*YOUR OBJECTIVE*
Excluding pictures, retype the line with "Nike Air Max" and each line that follows it to the end of the data below, word for word.

*AVAILABLE DATA*
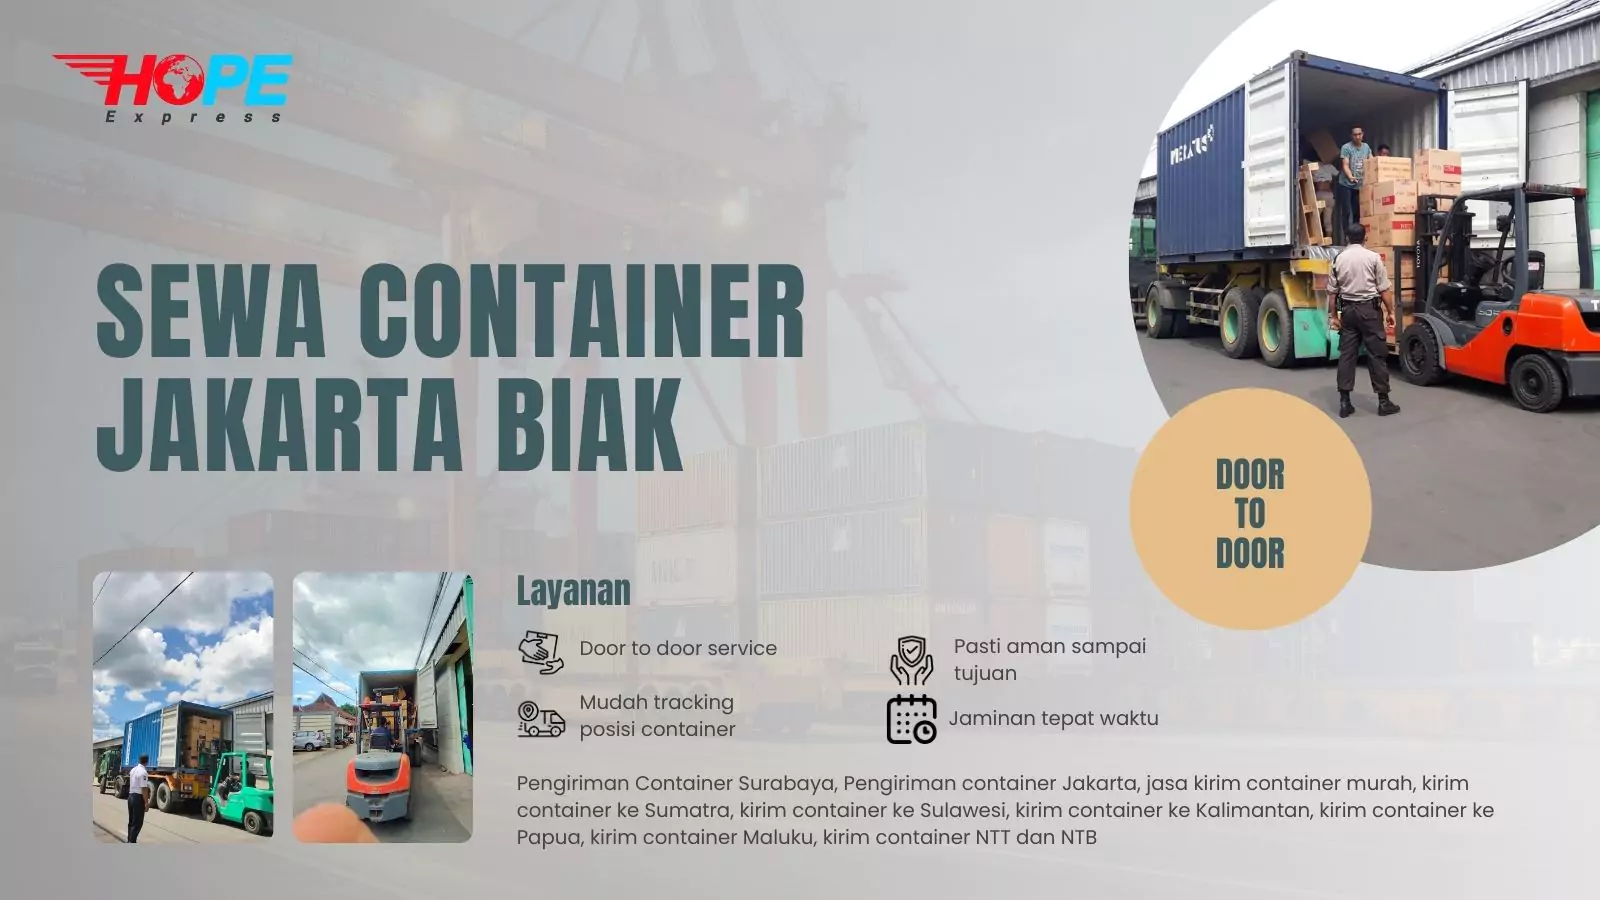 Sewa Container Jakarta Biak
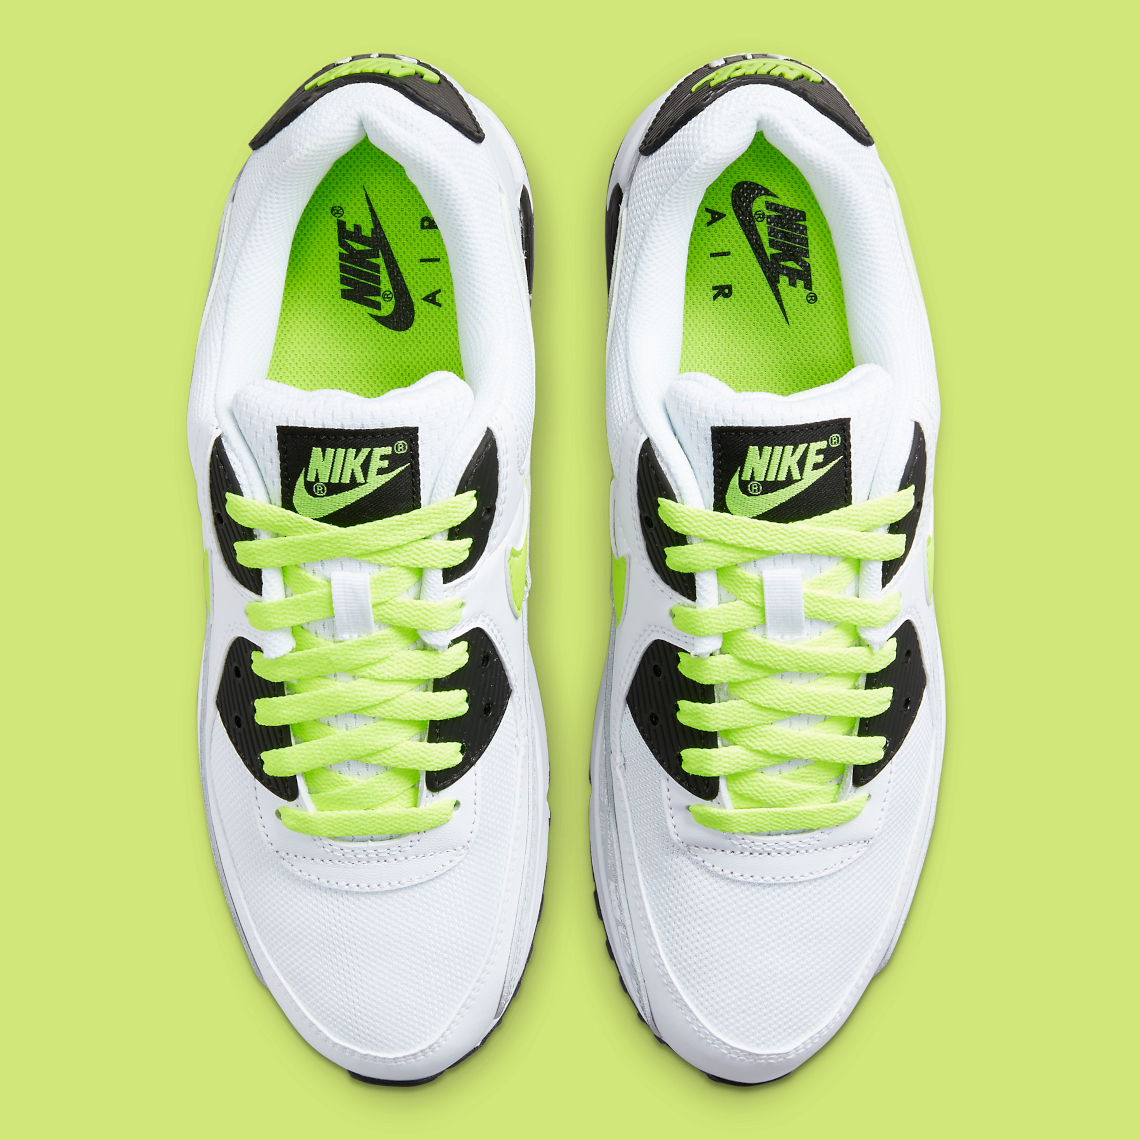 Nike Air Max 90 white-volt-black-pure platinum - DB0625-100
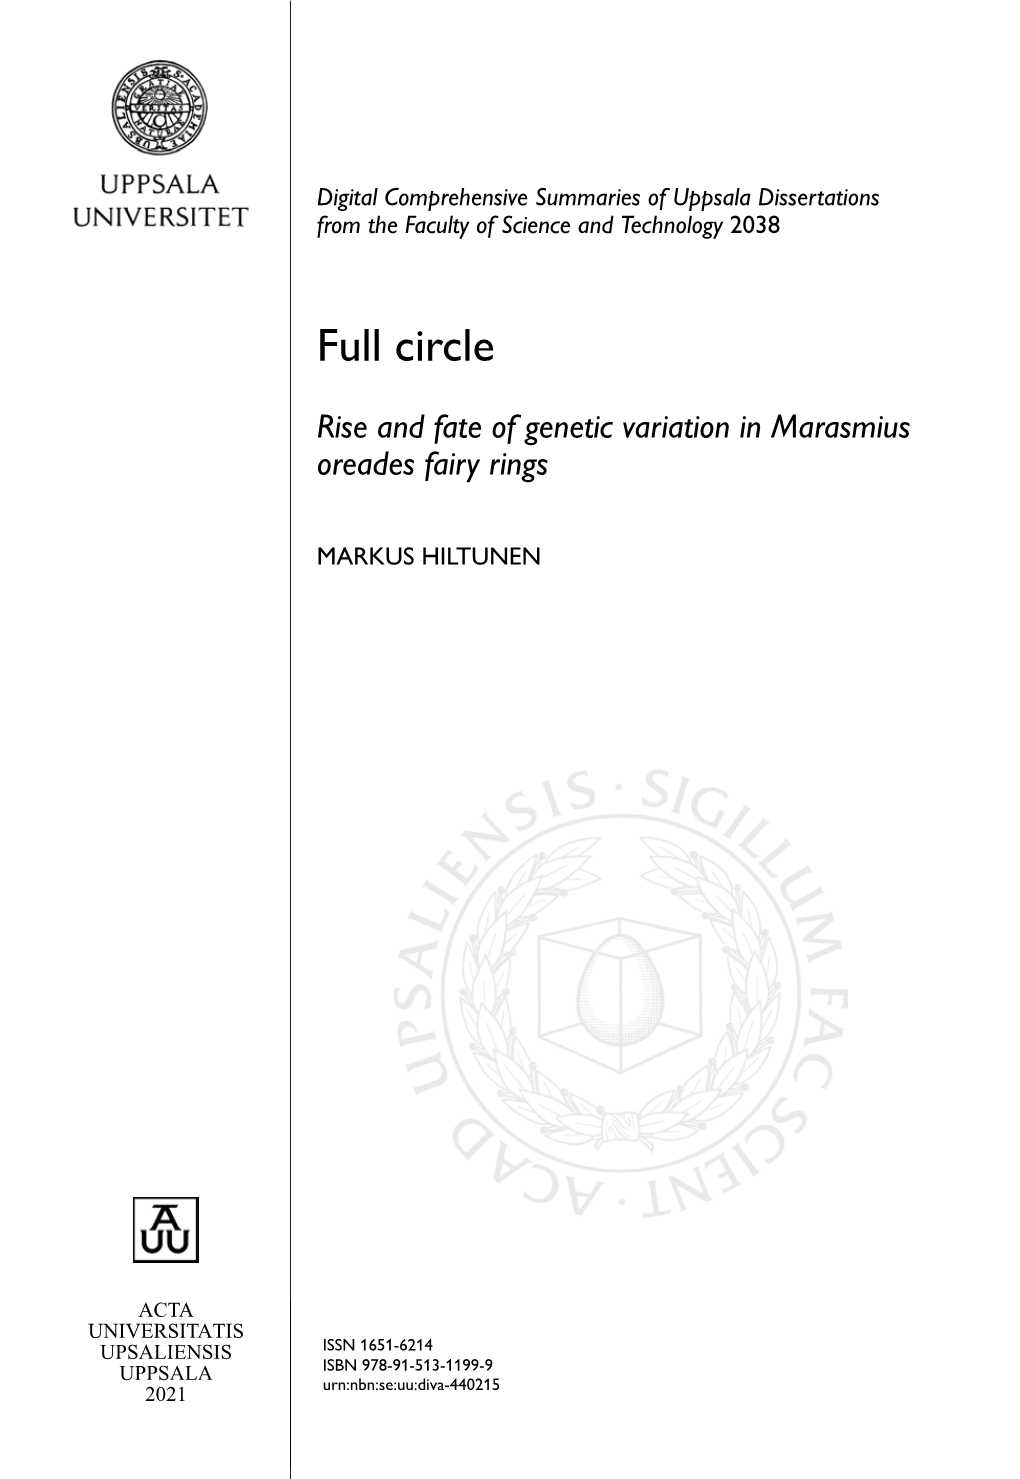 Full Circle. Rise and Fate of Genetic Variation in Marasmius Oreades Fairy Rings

*WRITTEN RESPONSE*
 Nike Air Max 90 white-volt-black-pure platinum - DB0625-100
 Full Circle. Rise and Fate of Genetic Variation in Marasmius Oreades Fairy Rings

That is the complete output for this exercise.